ASSIGNMENT: Exactly the lines from the one containing "Joy gift bag free holiday crochet pattern crochetholic" through the one containing "Free Printable Number" in the listing below are to be copied, with the pictures left out.

DATA PROVIDED:
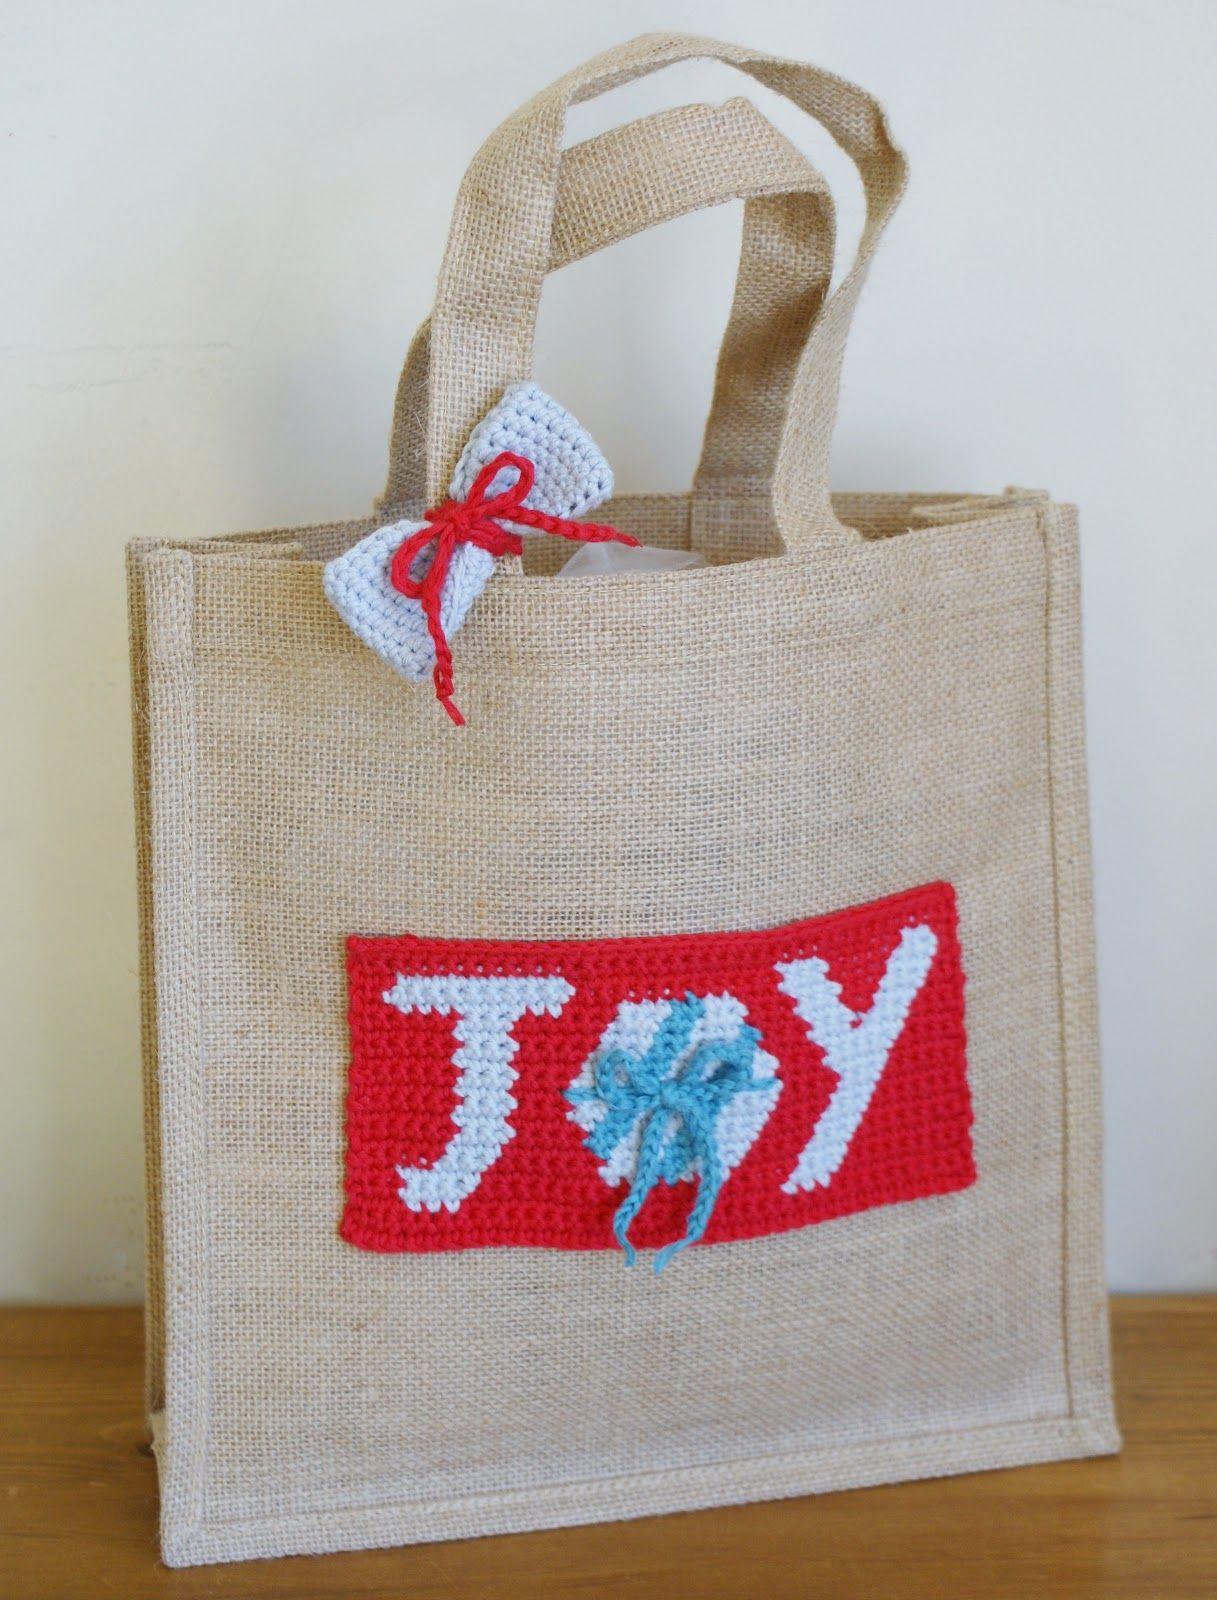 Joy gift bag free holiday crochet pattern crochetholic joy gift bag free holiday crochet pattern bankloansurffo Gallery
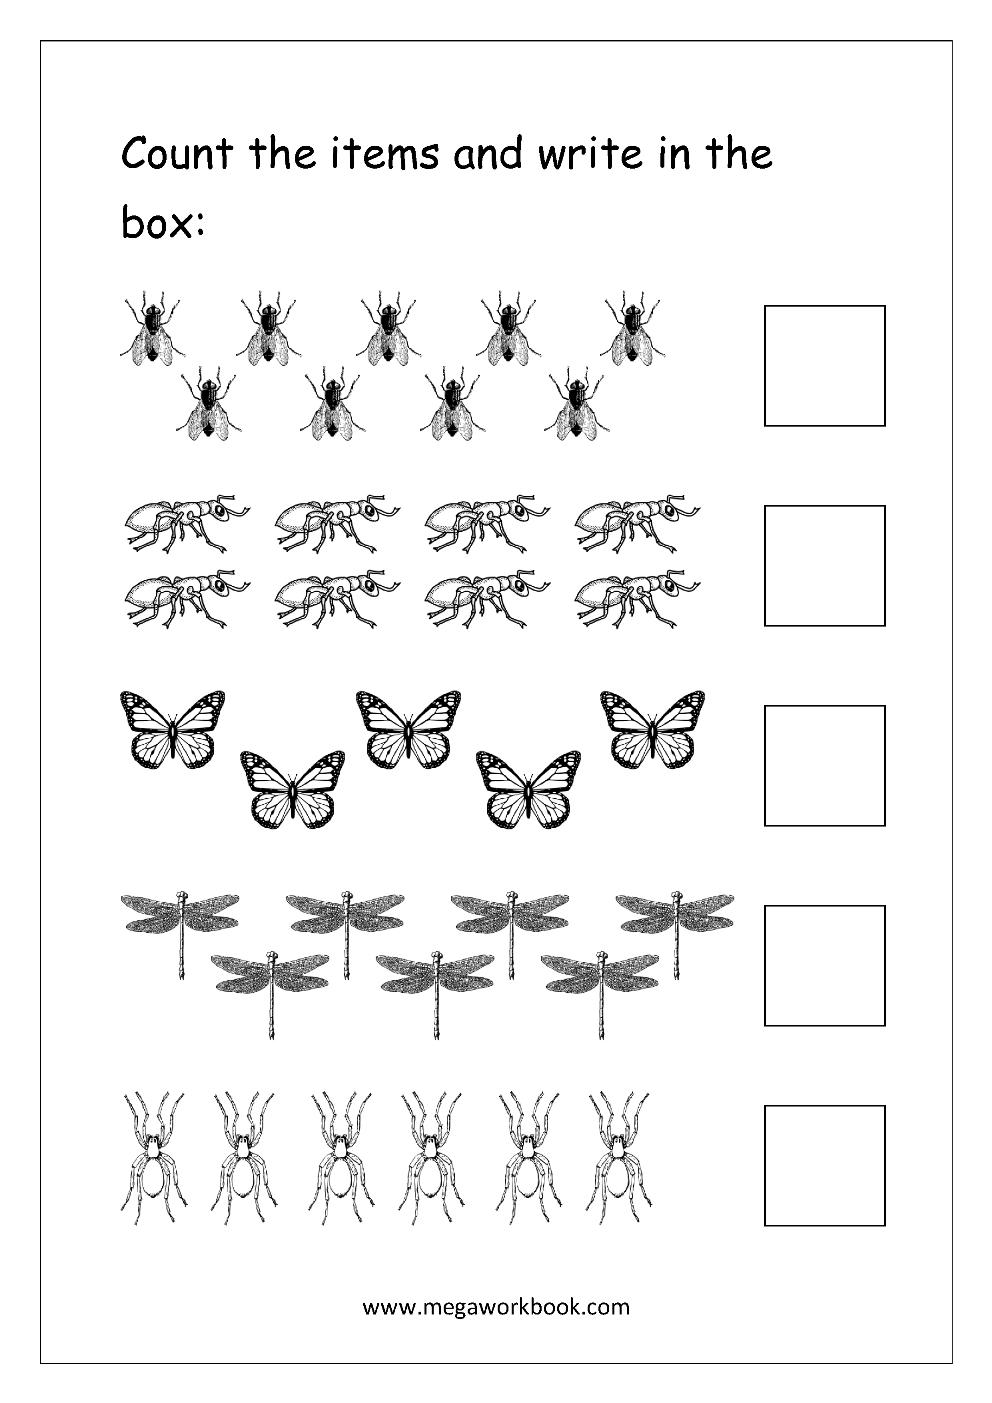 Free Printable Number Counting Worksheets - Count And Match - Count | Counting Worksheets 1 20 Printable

* * *

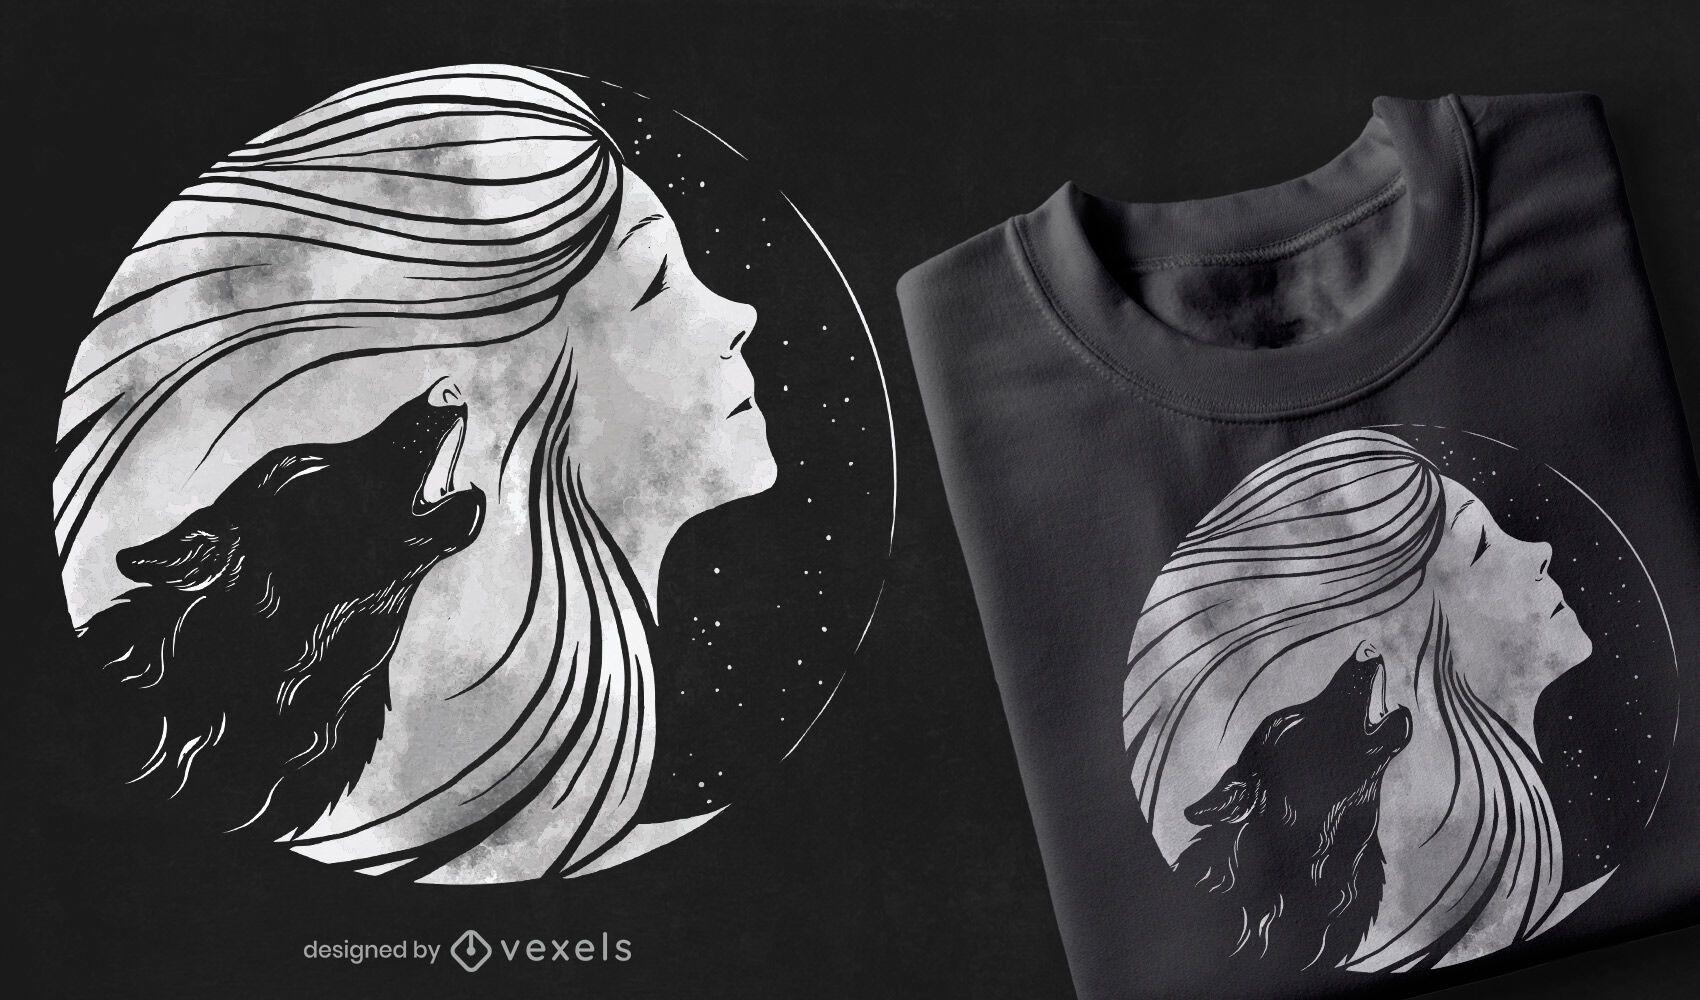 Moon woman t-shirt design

OUTPUT OF THE EXERCISE:
 Joy gift bag free holiday crochet pattern crochetholic joy gift bag free holiday crochet pattern bankloansurffo Gallery
 Free Printable Number Counting Worksheets - Count And Match - Count | Counting Worksheets 1 20 Printable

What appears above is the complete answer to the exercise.